Fine, she said, so what would you pick instead.
This is a more involved question than would strike you at first glance. It presupposes a couple of things, above all that you’re killing yourself in some way that leaves you enough time to listen to something; “bleeding out in the bathtub” was the example she used. And I never really saw myself punching my ticket in that way. Didn’t fit my personality. Part of that was, no doubt, related to the cultural gender dynamics of suicide. Slitting your wrists in the tub is sort of your classic female suicide, a lengthy, languid affair that you need to set the mood for, in contrast to a quick and decisive manly suicide like a gun or hanging. (There was a sex and/or masturbation analogy lurking in there, which I decided not to bring up because I was fucking amazed the drift of this conversation wasn’t weirding her out yet and I didn’t want to push my luck. She may have noticed that I restrained myself from saying something but she didn’t press the issue.)
She said she would dispute that. We both knew that suicide was underreported in light of the its taboo nature – underreported by quite a bit, in her opinion. Specifically, she believed that tons of overdoses among men that get ruled accidental actually aren’t. There was kid in her high school, she said, a senior who had already been to detox once, found dead of a benzo overdose, and it came out a couple years later that his dad had found a suicide note with him but hidden it. Imagine how often that probably happens, she said.
I made her go first and it didn’t surprise me at all that she an answer on hand. “Tomorrow Never Knows”. I was already pretty attracted to her at this point so I kept to myself how basic I found that answer. Her reasoning surprised me, though; she didn’t mention the lyrics at all. “It’s the drums, mainly. I’ve always loved the drums on that song. I don’t know enough about audio production to put my finger on it, but it’s sort of like, echoey and strange, there’s almost kind of like a phase effect on it, it wooshes and sloshes around, and I dunno. The beat is just super hypnotic and it’s always been able to like, calm me down, and I think I’d need that, in that situation. Just calm down and push myself through it.”
It was my turn now. I paused a moment. I paused too long for her, and she chided me for it. She said I had something in mind already, it was my honest answer, and I should just spit it out instead of trying to think of something cooler to try to impress her. I didn’t know that I accepted that premise. I also thought she was being a bit of a hypocrite – I doubted she’d just come up with her answer off the cuff, that was thought over for sure. But was she was right, I did have something in mind. So I said fuck it and told it to her. It was “Heaven” by Robyn Hitchcock. But not the album version. The one I had in mind was a live version from some reissue. I ran across it by pure accident when my friend burned me a CD ages ago. It was an acoustic reworking of the version everybody knows, and it had a slower tempo, an interestingly lopsided arpeggio behind it, some harmonies that weren’t there before. Most importantly, there was a spoken-word intro where Robyn went off on this whole fantastical tangent, making “Heaven” out to be a folk song that miners used to sing while they prayed at a floating cathedral out in the wilderness.

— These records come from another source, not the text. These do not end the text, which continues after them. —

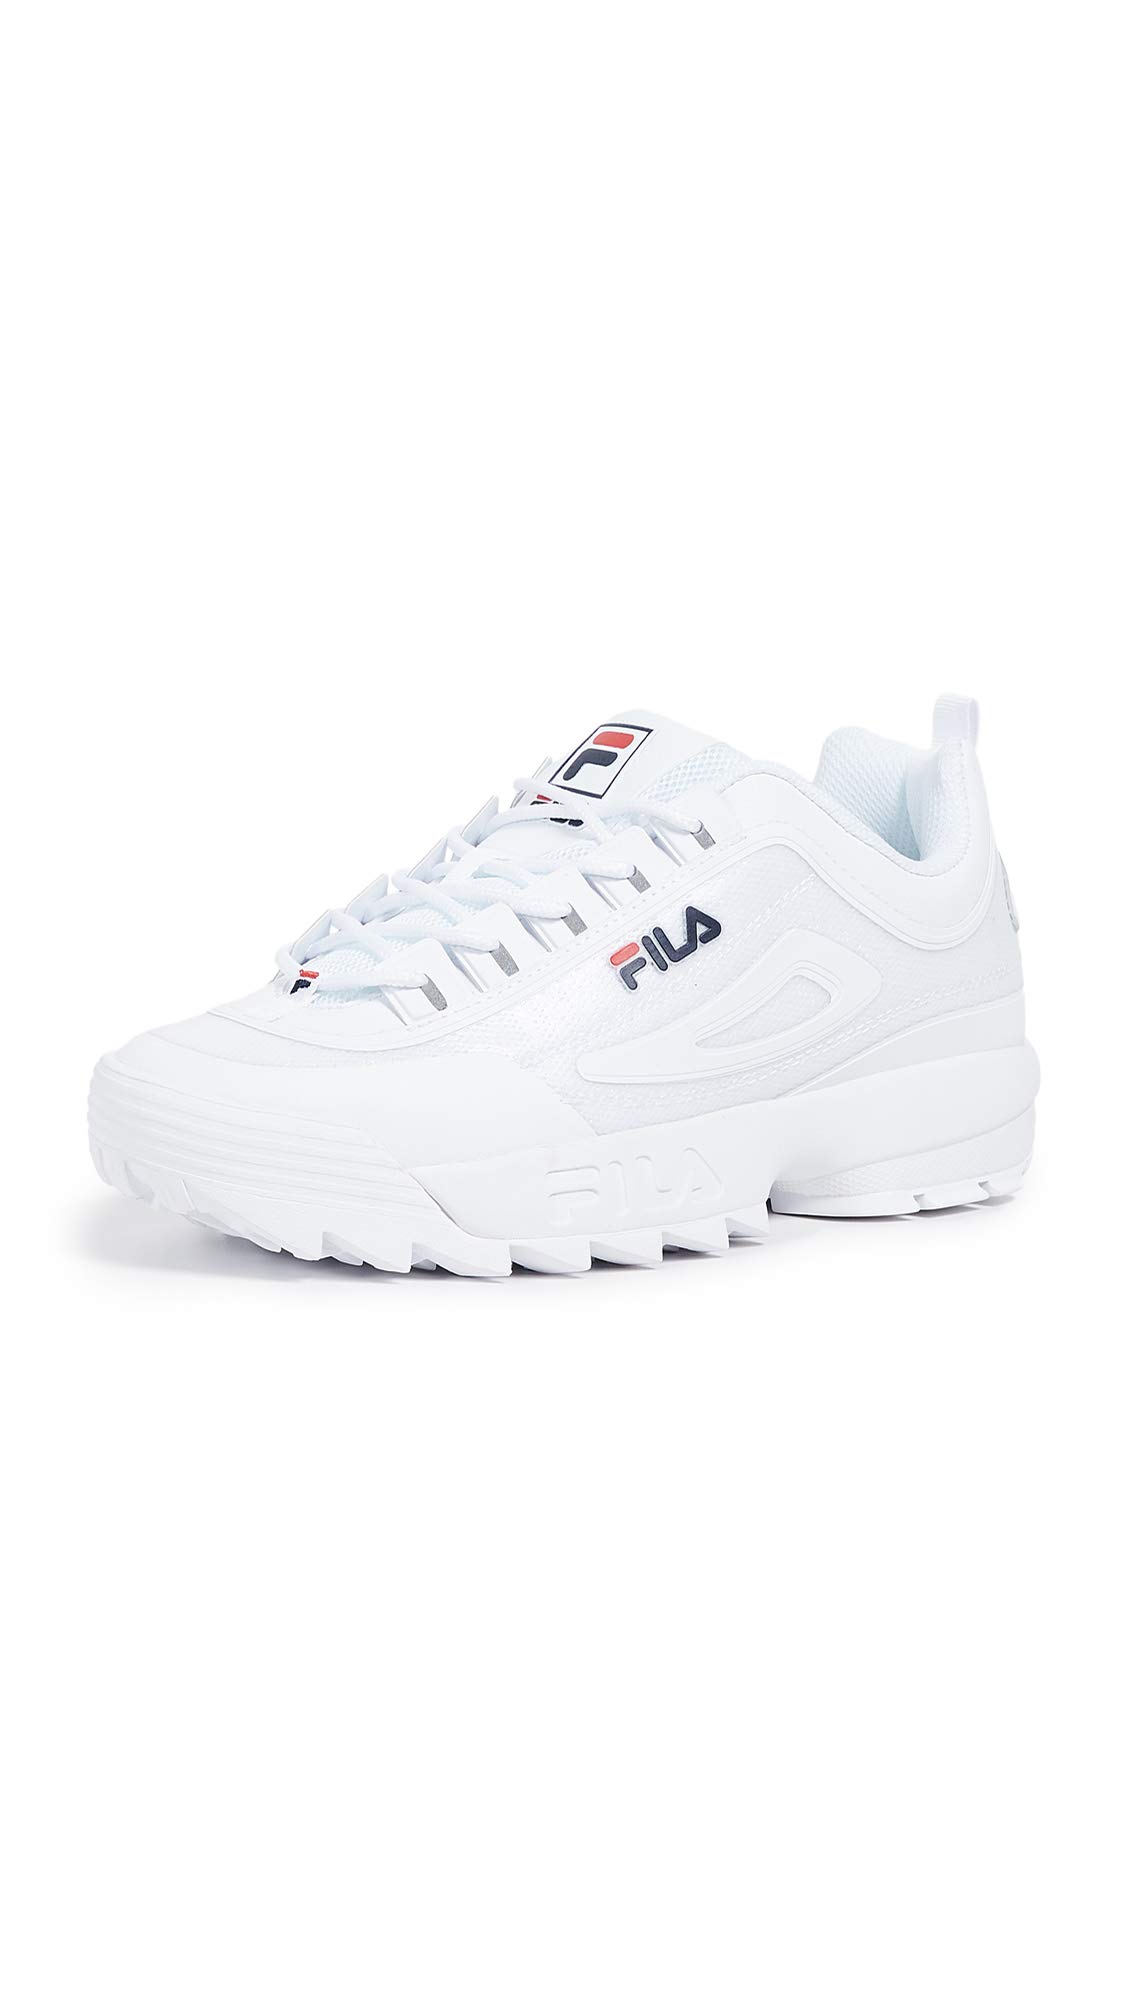 Fila Disruptor Il Premium-Sneakers, bequem, vielseitig Sneaker, Weiß/Marineblau/Rot, 39 EU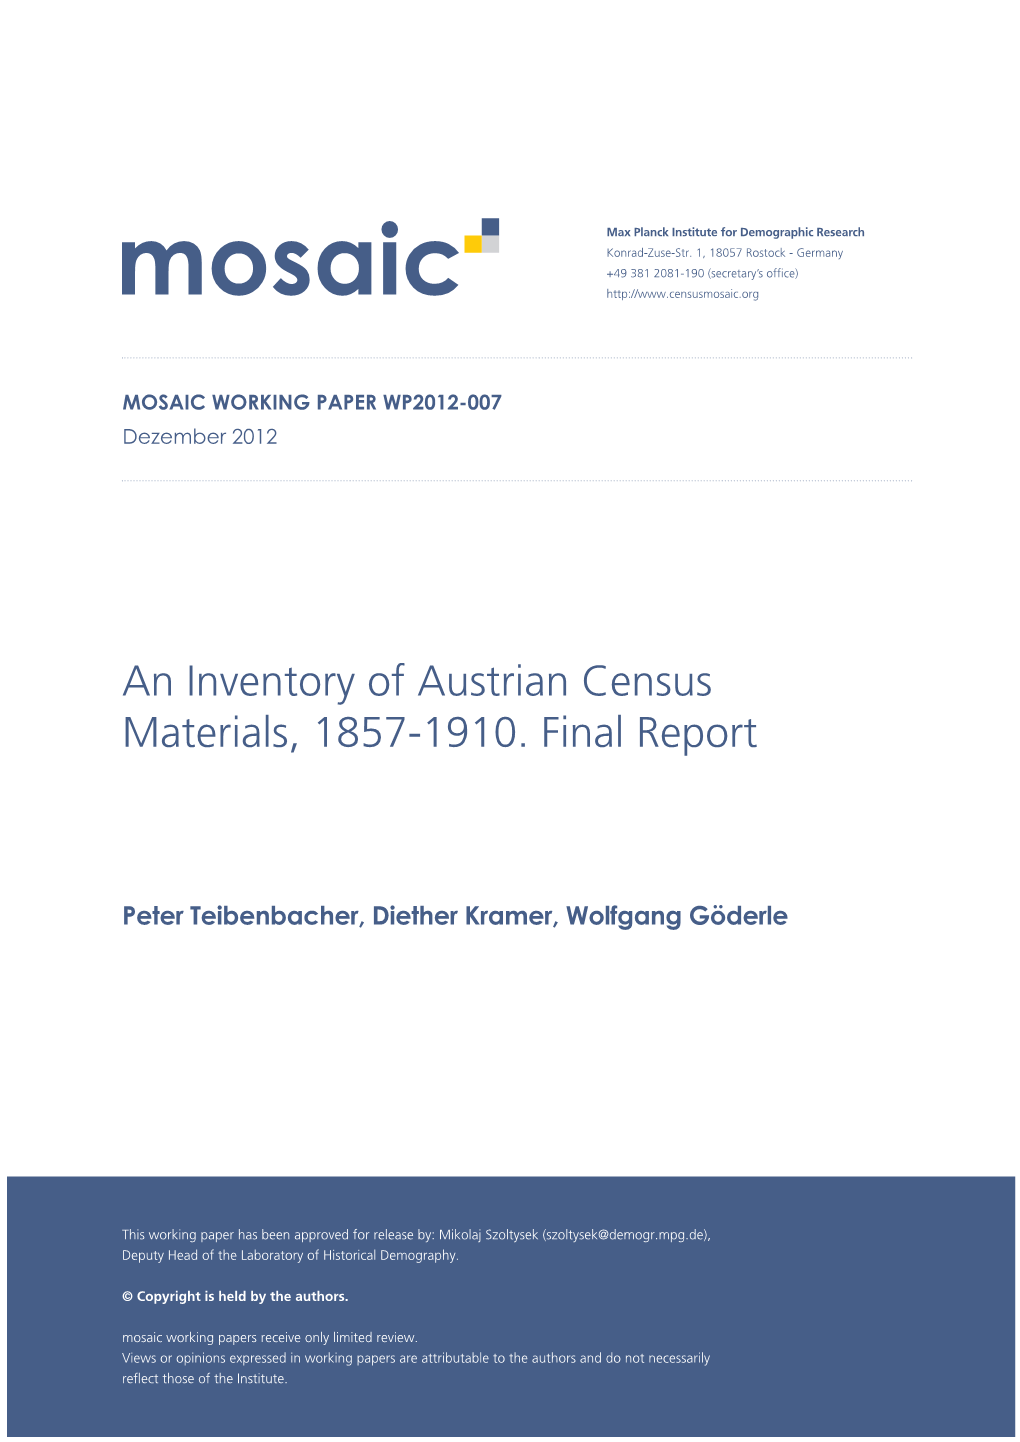 An Inventory of Austrian Census Materials, 1857-1910. Final Report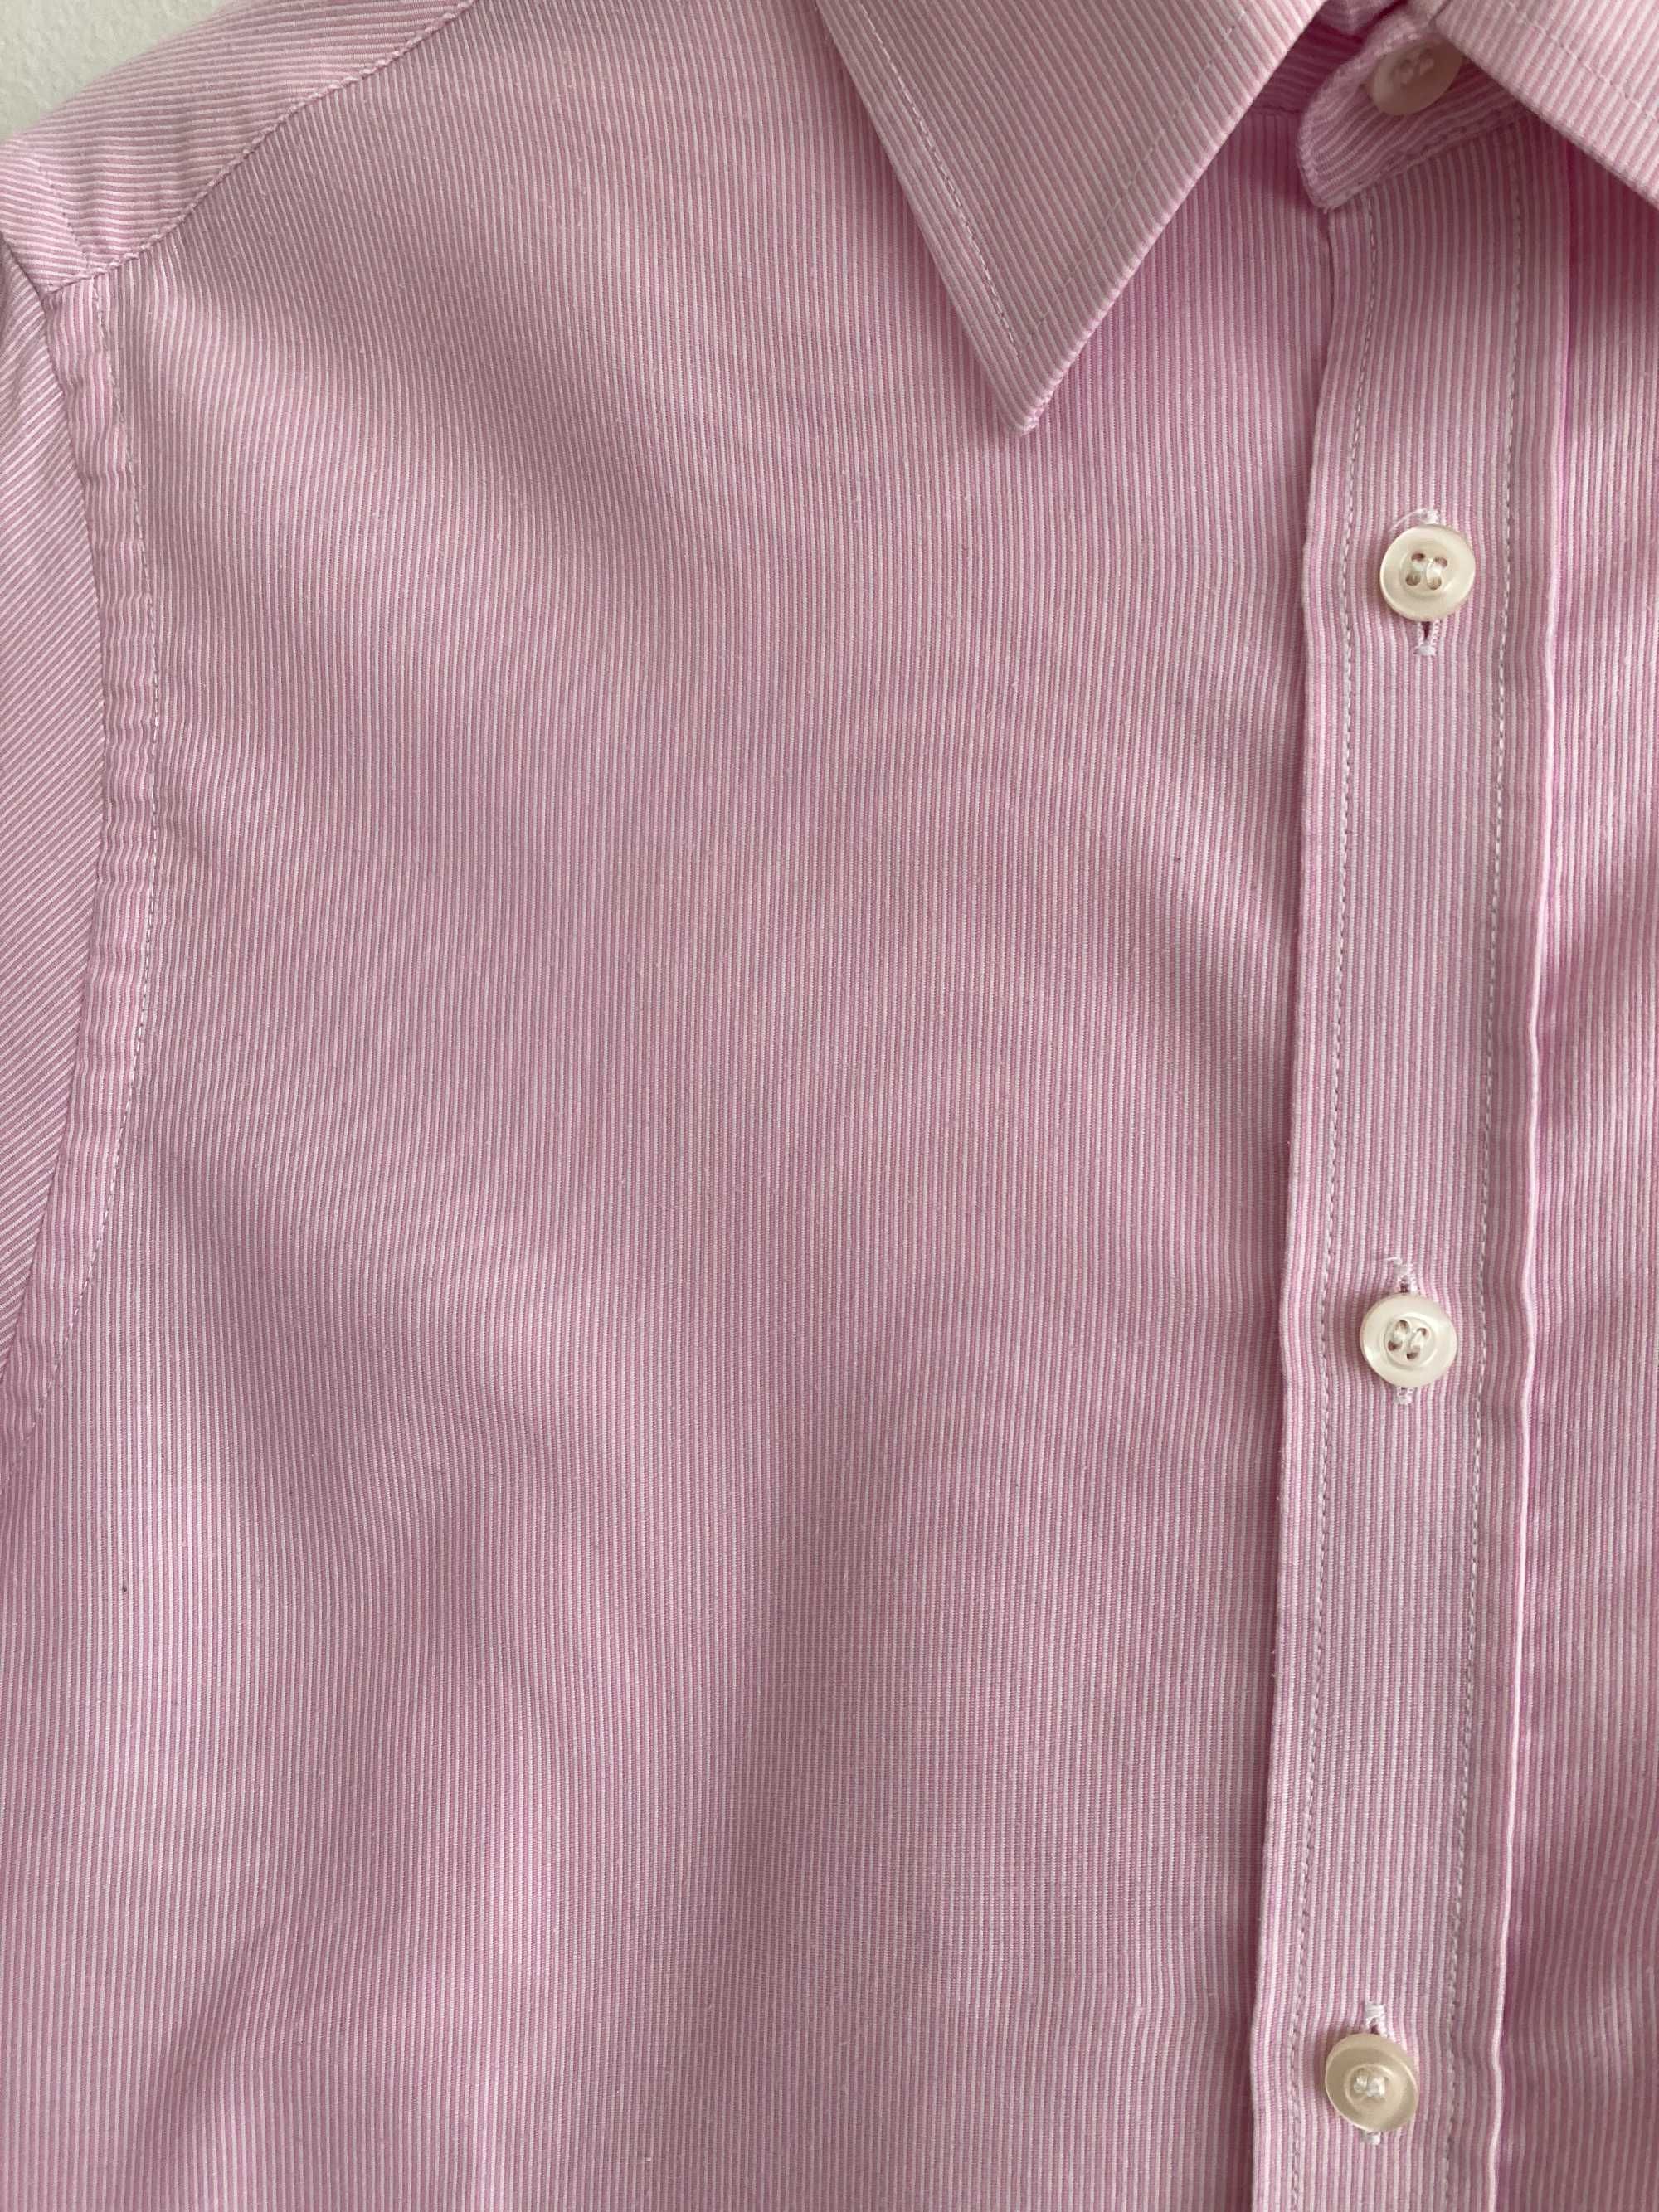 różowa koszula męska - Burton UK - 43 XL - super stan

She asked why I picked it and I didn’t really have an articulate reason. It was just a beautiful song, but not without a sense of the sardonic, and the intro added a surreal touch, perfect for tipping me off into what dreams may come.
I didn’t go home with her that night, but I did get her number. I got home with a maggot on my brain. I queued up “Tomorrow Never Knows” on a Bose speaker and filled up the bathtub. Steaming hot. I grabbed a filet knife from the kitchen and I gave myself a quick stab in the thigh with it – on the outer edge so as to miss the femoral, I wasn’t doing it for real. I climbed into the tub and winced as the bloody part of my leg seared like a section of hot wire. I’d made the wound probably deeper than it needed to be, and definitely made the water hotter than it needed to be. Moreover I was dumb and left the shampoo bottle open in the bottom of the tub while it was filling, and boy did that shit sting. No matter. All the better.
I lay there, lazily bleeding into the water until there was enough in the tub that I could pretend I was dying, dried off my hand on the hanging towel, reached over to the counter and hit play, and I sat there, following the billows of steam off the bathwater with my eyes, envisioning the life slowly oozing out of me drop by drop. And I’ll be damned if I didn’t see what she meant. That drum part was fucking meant to be played in a bathroom you were dying in. That odd double tom hit like a faltering heartbeat. Ringo was obviously plugged deeper into the mysteries of the beyond than he was ever given credit for. The acoustics were perfect. The drums bounced off the tile and mingled with the sound of the bloody water sloshing around when I shifted in the tub. It was like that whooshing beat reached into my head and turned the volume down on everything else. The heat on my face and the throb in my leg all sank down to the bottom of the bathtub. I surrendered fully to the fantasy with ease, and blackness gathered at the edge of my vision as I imagined it would.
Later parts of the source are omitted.